Problem to work on:
Restate word for word each line from the one containing "Officially Licensed Collegiate" through the end of the material, and nothing more. Drop every picture.

Exercise data:
---------------
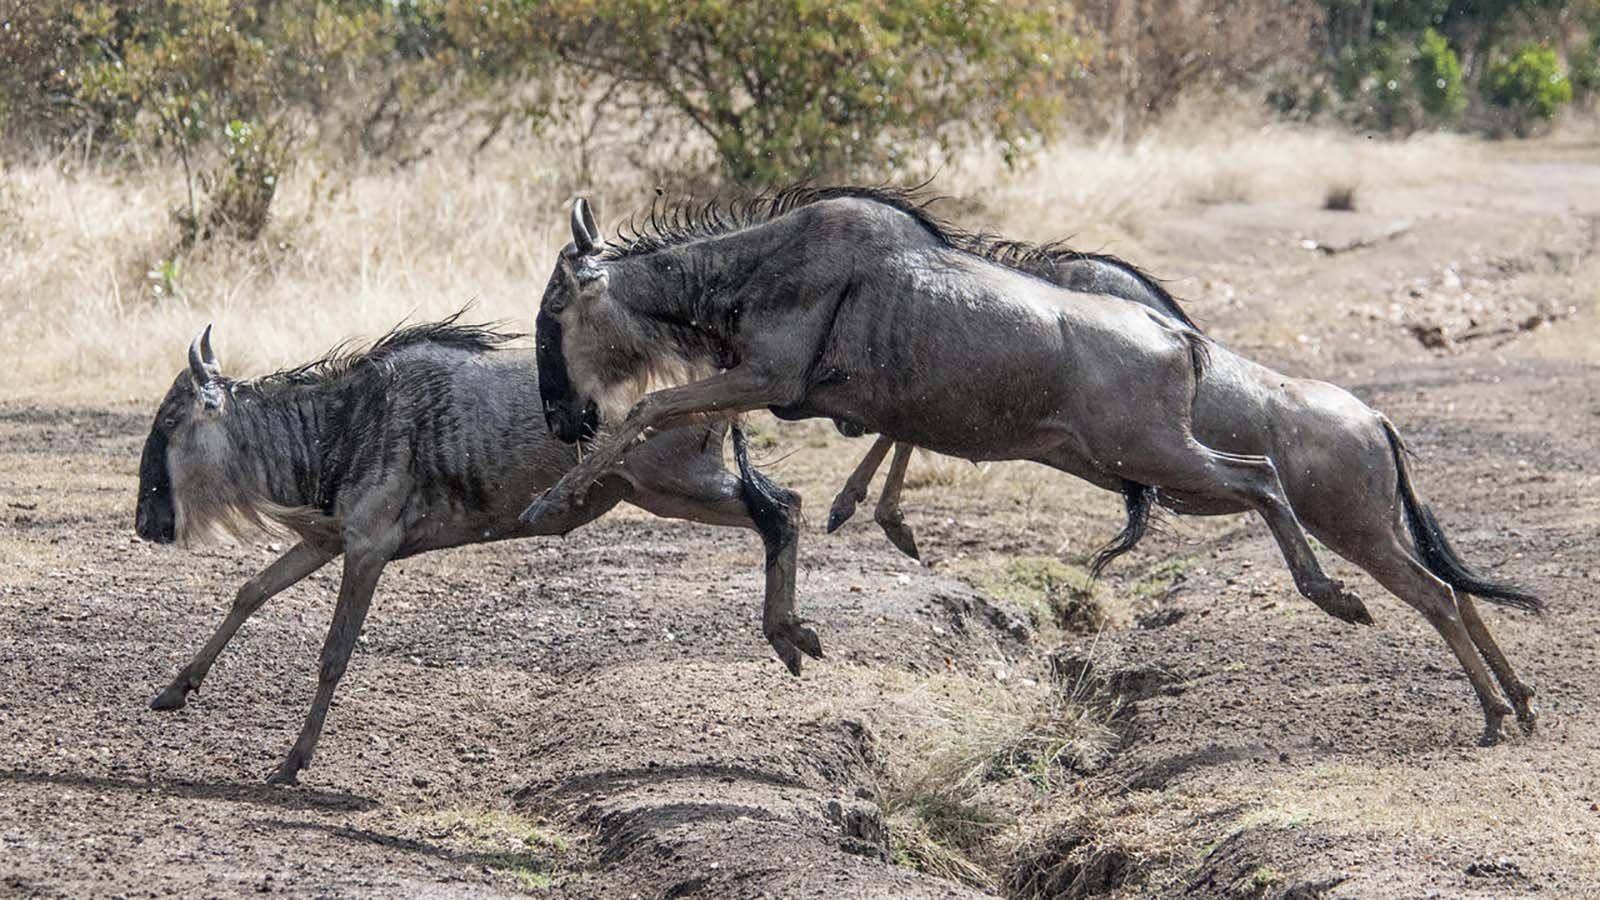 Serengeti National Park Mesmerizing Animal Migration Scenery
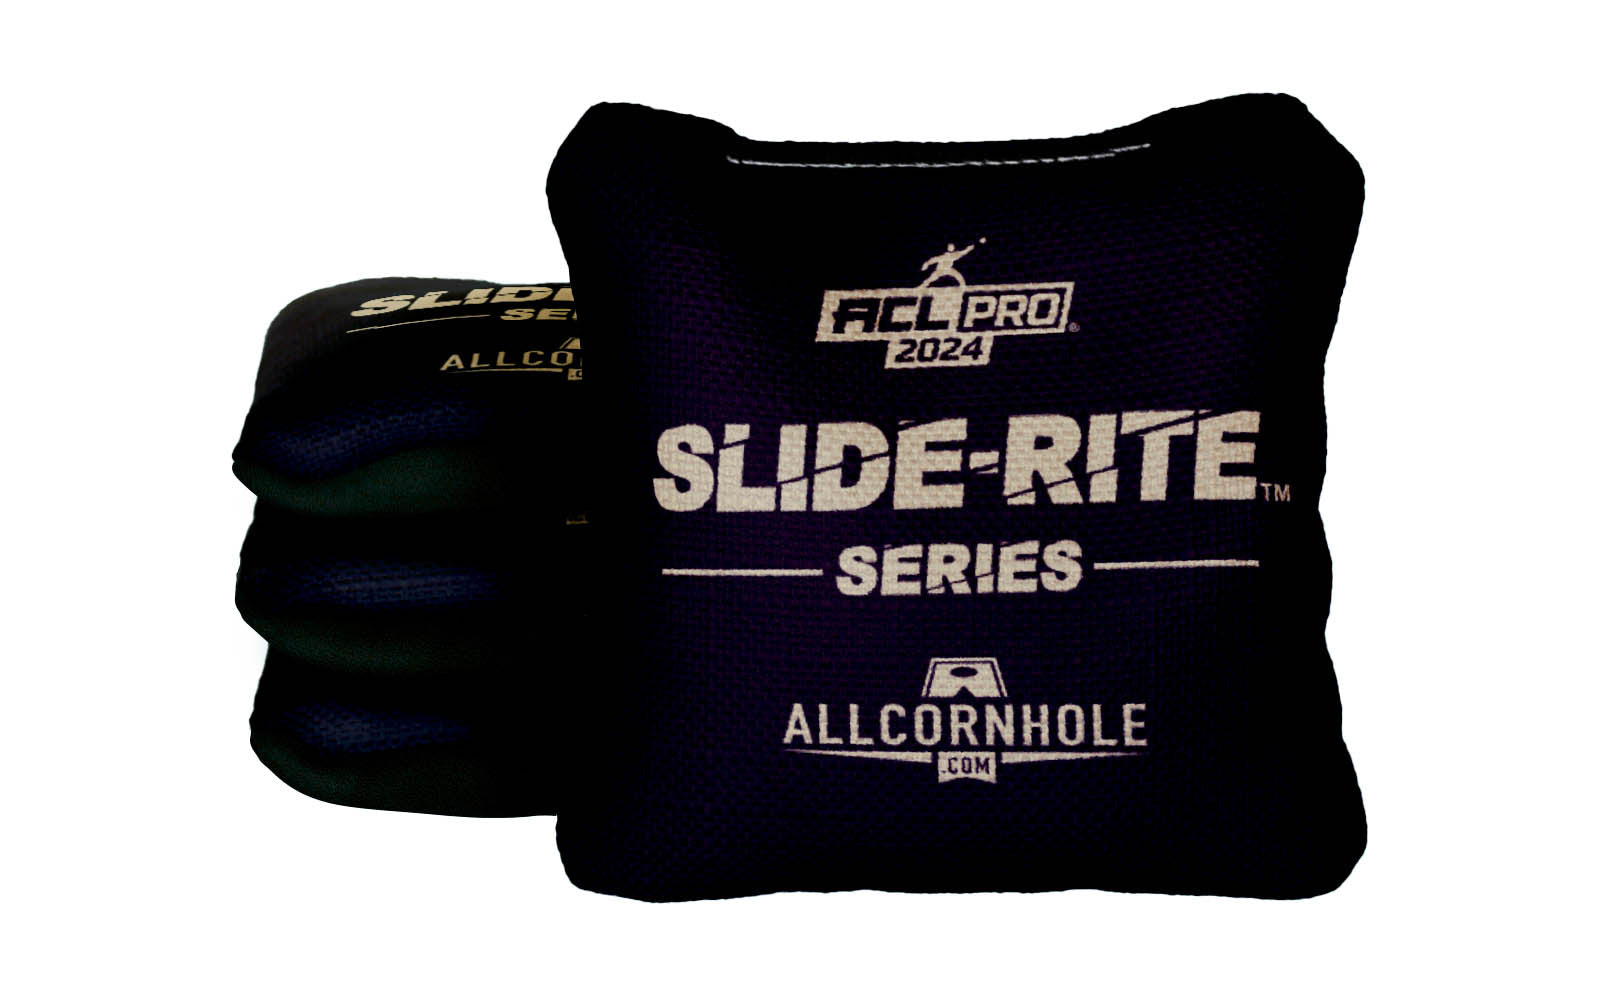 Officially Licensed Collegiate Cornhole Bags - AllCornhole Slide Rite - Set of 4 - Wake Forest University
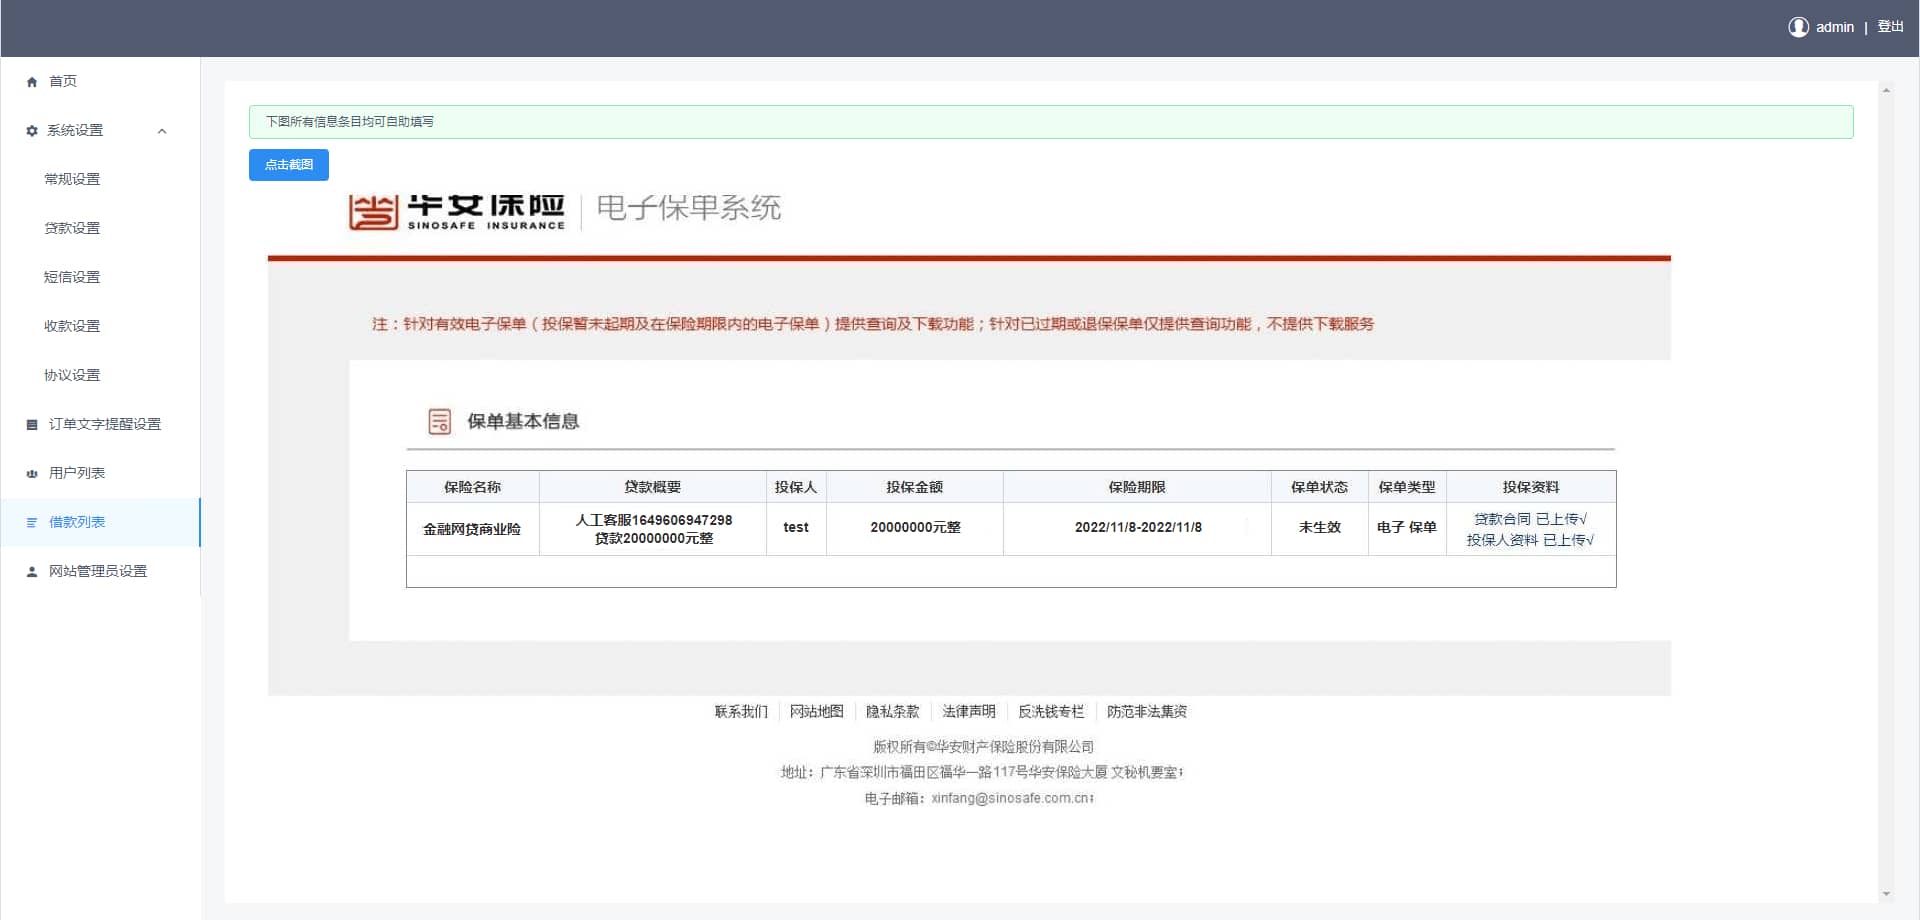 D1440 开源版中文和越南语贷款源码 贷款平台下载 小额贷款系统 贷款源码运营版插图3
---------------
Exercise answer:
 Officially Licensed Collegiate Cornhole Bags - AllCornhole Slide Rite - Set of 4 - Wake Forest University
 D1440 开源版中文和越南语贷款源码 贷款平台下载 小额贷款系统 贷款源码运营版插图3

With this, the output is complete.